Re: Prediction of local code modifications
Tim Frink <plfriko@yahoo.de> writes:
>...
> I'm not sure if dynamic programming is an approach that I can apply to
> my problem [of deciding which blocks to move to faster memory]....

From your original posting, it is not clear to me which of the
following problems you want to solve (in each case, optimizing the
total speed of the program, which is dependent on the addresses of the
blocks):

(1) For each block, make a yes/no decision on whether to move it to
the faster memory.  The address of each block within its memory (the
slow memory or the fast memory) is equal to the sum of the size of the
preceding blocks that were assigned to the same memory.  That is, the
order of the blocks within each memory remains the same as in the
original layout and no padding bytes are introduced.

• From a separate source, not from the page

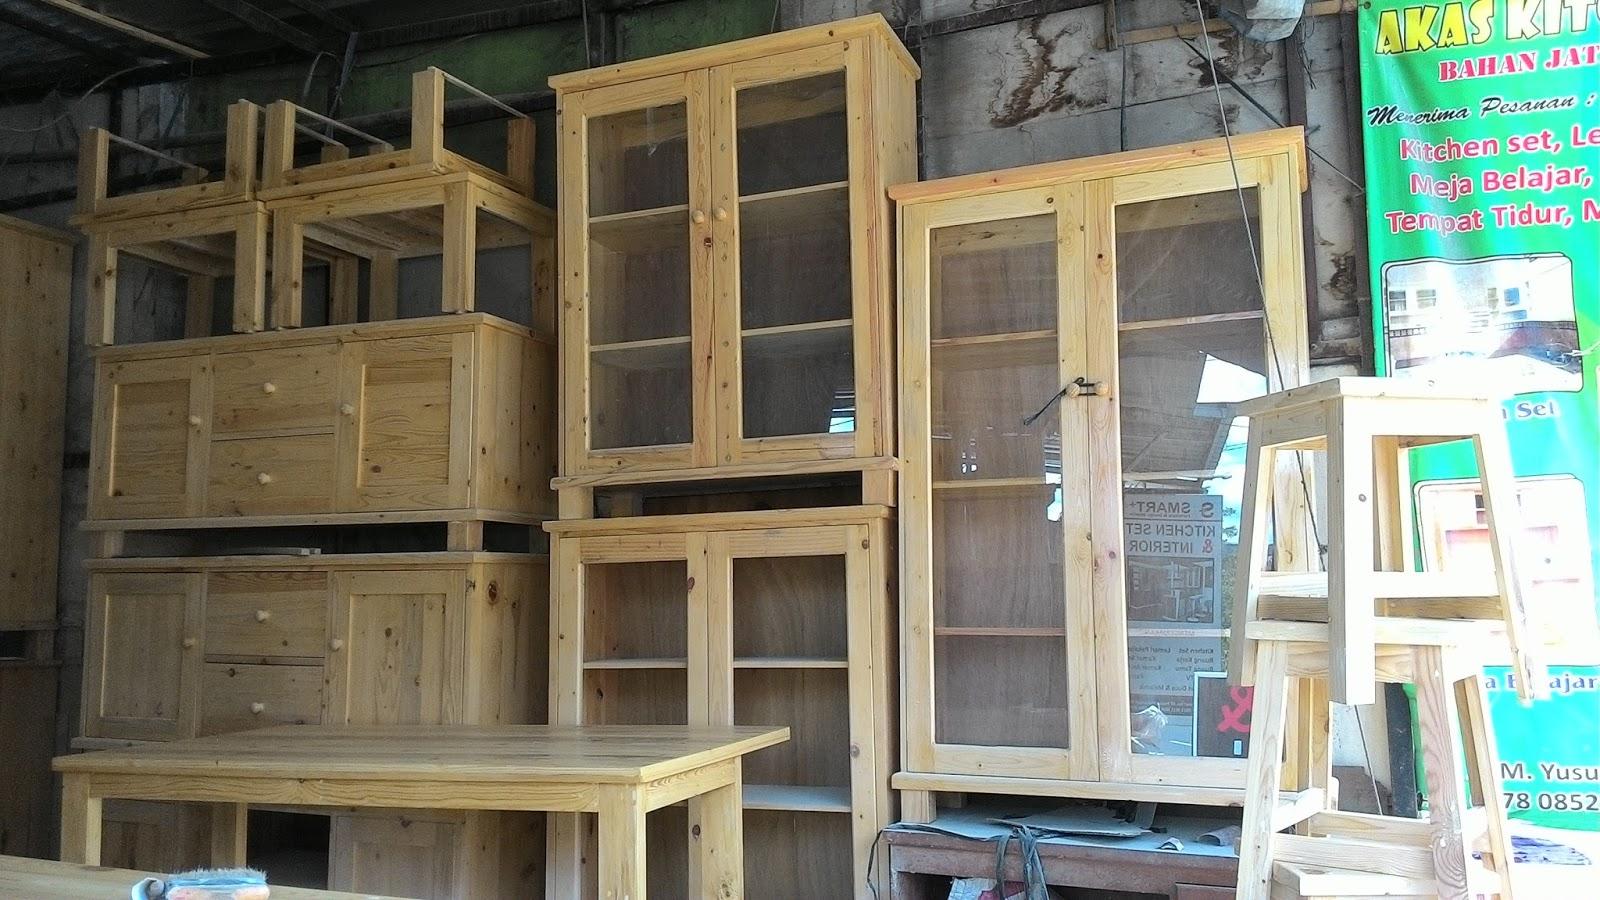 Furniture kayu jati belanda akas kitchen set di depok for Kitchen set kayu jati belanda

(2) Make the same decisions as problem (1), but if an N-byte block is
moved to the fast memory, up to N padding bytes can be left in its
place in the slow memory.  The actual number of padding bytes is an
additional output of the decision process.

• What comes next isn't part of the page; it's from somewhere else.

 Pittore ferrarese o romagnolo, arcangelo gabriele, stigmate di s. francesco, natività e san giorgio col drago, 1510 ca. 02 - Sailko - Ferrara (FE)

(3) Solve some other even more general placement problem, where the
number of padding bytes is not limited to N, or padding bytes are also
allowed in the fast memory, or the blocks can be permuted into a
different order.

For the moment, I will assume you want to solve problem (1), both
because this seems closest to the way you initially stated the
problem, and because it is the simplest.

For this problem, dynamic programming is indeed a useful technique.
Consider working sequentially through the list of blocks, deciding for
each one whether to move it to fast memory or not.  The optimal
decision on whether to move block k does not depend on the specific
choices you made regarding each of blocks 1 through k-1.  Instead, it
just depends on the total size in bytes of the blocks in the range
from 1 through k-1 that were selected for fast memory.  This total
size is what determines all three relevant facts: (1) how many bytes
of the fast memory's capacity are still available for blocks k and
onward, (2) what the address of block k would be if left in the slow
memory, (3) what the address of block k would be if moved to the fast
memory.

This would lead to a dynamic programming solution using a
two-dimensional table, with one dimension indexed by block number and
the other dimension indexed by number of bytes.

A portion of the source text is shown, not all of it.